A fixed component is a space needed to store some information and variables that are independent of the problem’s size. Easy variables and constants, for instance, used program size, etc.

A part of a variable is the space needed by variables, the size of which depends on the problem’s size. For instance, allocating dynamic memory, recursion stack space, etc.

Complexity in space Of any algorithm, S(P) P is S(P) = C + SP(I), where C is the fixed part and S(I) is the algorithm’s variable part, which depends on the characteristic of the instance I. 

The following is a brief example that helps to illustrate the theory.

SUM: algorithm (A, B)

Phase 1 – Beginning

Phase 2 – C > A + B + 10

Phase 3 – Avoiding

We have three variables here, namely A, B, and C, and one constant. Therefore, S(P)= 1 + 3. Now, space depends on and will be multiplied accordingly by data types of given variables and constant types.

Analysis Method – Asymptotic Analysis

An algorithm’s asymptotic analysis refers to the concept of its run-time performance’s mathematical foundation/framing. We can very well infer the best-case, average-case, and worst-case scenarios of an algorithm using asymptotic analysis.

Asymptotic analysis is bound by input, i.e. it is concluded to operate in a constant time if there is no input to the algorithm. All other variables are considered stable, other than the input.

In mathematical units of computation, asymptotic analysis refers to calculating the running time of any operation. E.g., one operation’s running time is computed as f(n), while another operation’s running time is computed as g. (n2). This means that as n increases, the first operation’s running time will increase linearly, while the second operation’s running time will increase exponentially.
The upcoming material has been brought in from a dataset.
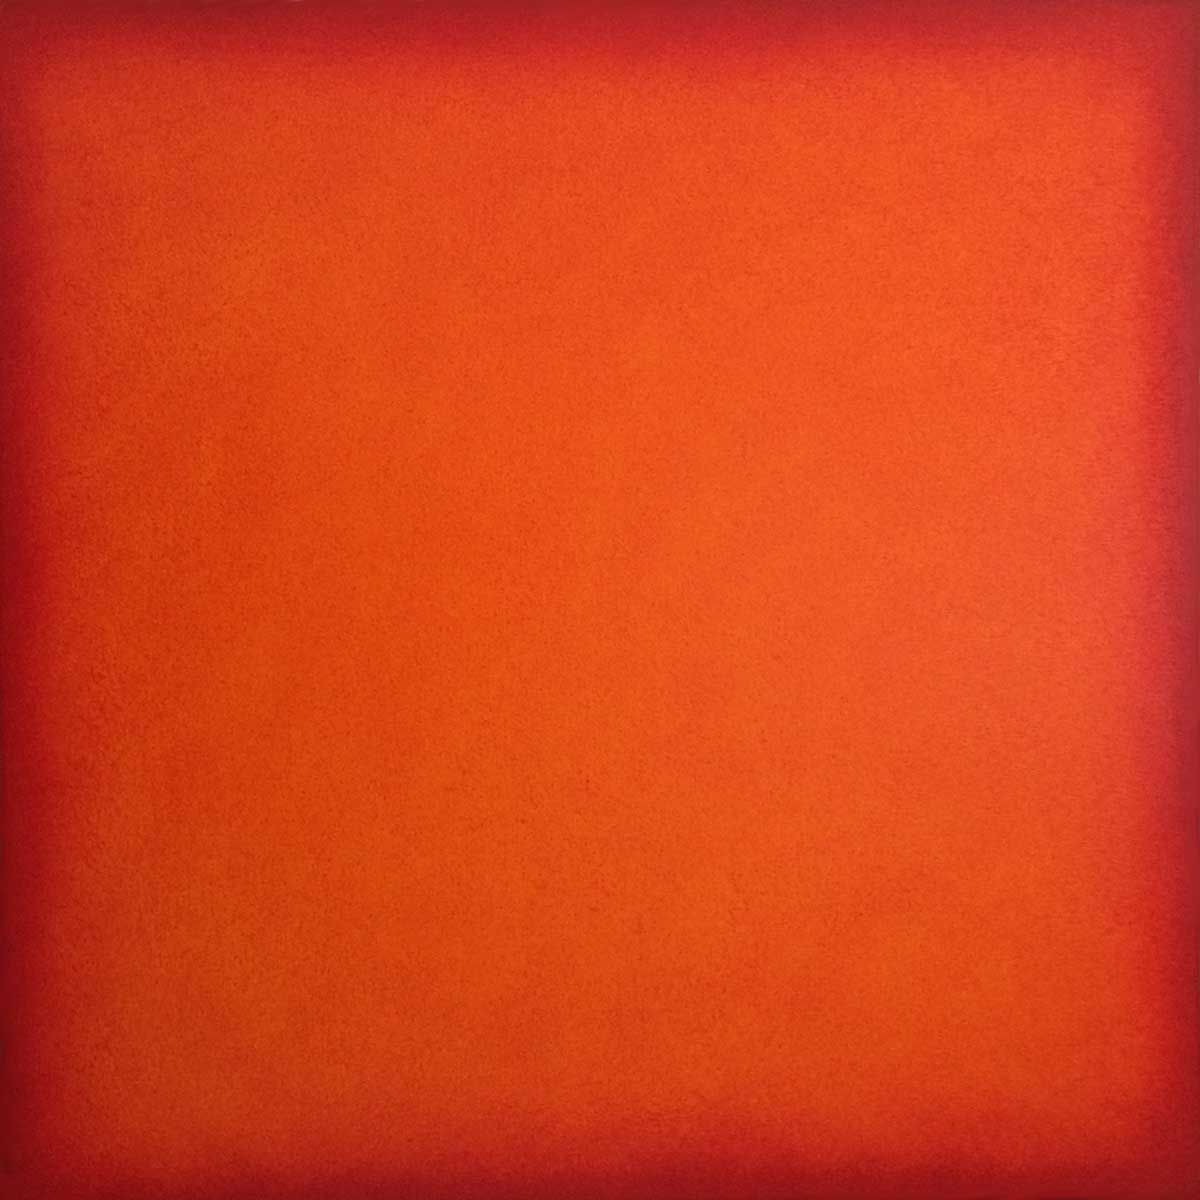 stanko deep orange | 80x80 | Öl auf Leinwand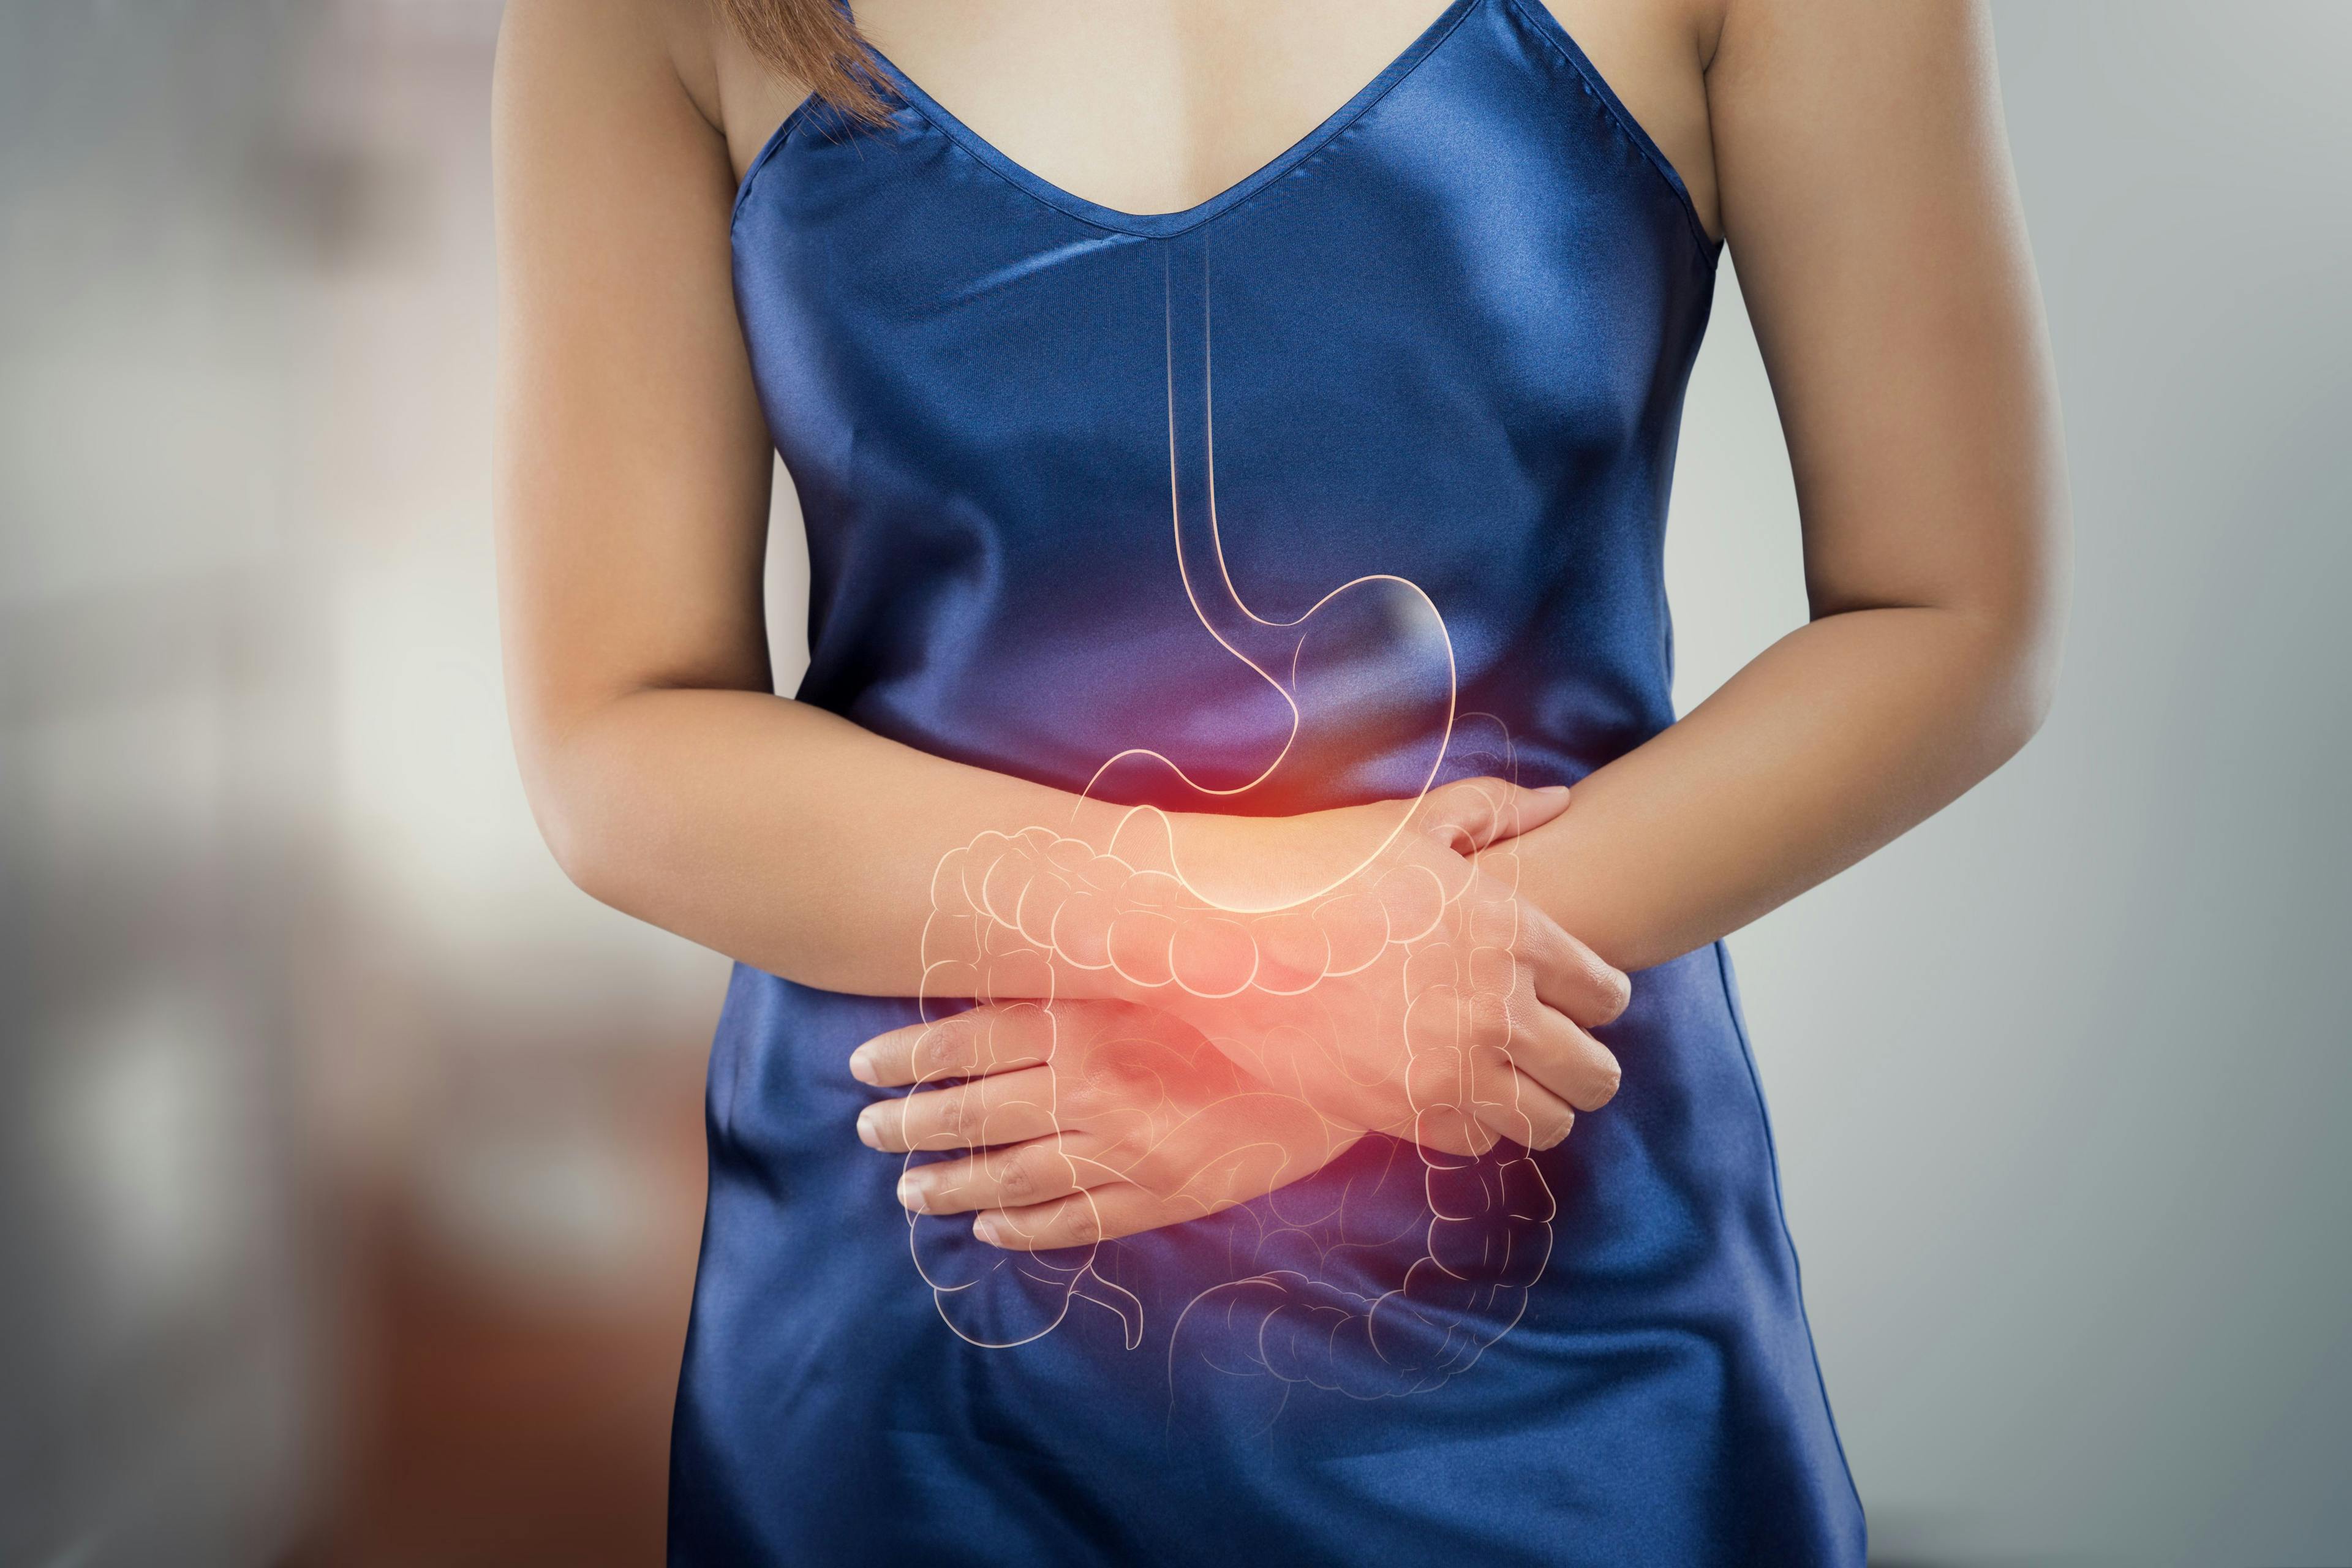 woman digestive issues | Image Credit: eddows - stock.adobe.com

Similarly, if n is substantially small, the runtime of both operations would be almost the same.

An algorithm’s time requirement typically falls into one of three groups –

  • In the best-case scenario, the program execution time is as short as possible.
  • Average Case Average time needed for execution of the program.
  • Bad Case-Maximum time needed for implementation of the program


The article provides a comprehensive understanding of algorithms, their definition, and their key characteristics. It emphasizes that algorithms are step-by-step procedures designed to solve problems or perform specific tasks. It highlights the essential features of algorithms, which include well-defined inputs and outputs, finiteness, well-defined steps, and determinism, etc., 

It emphasizes the importance of these characteristics in designing and evaluating algorithms. It explains that algorithms should have clear instructions, ensuring that they can be executed in a finite number of steps and produce consistent and predictable results. It also highlights the significance of algorithm efficiency, both in terms of time and resource utilization.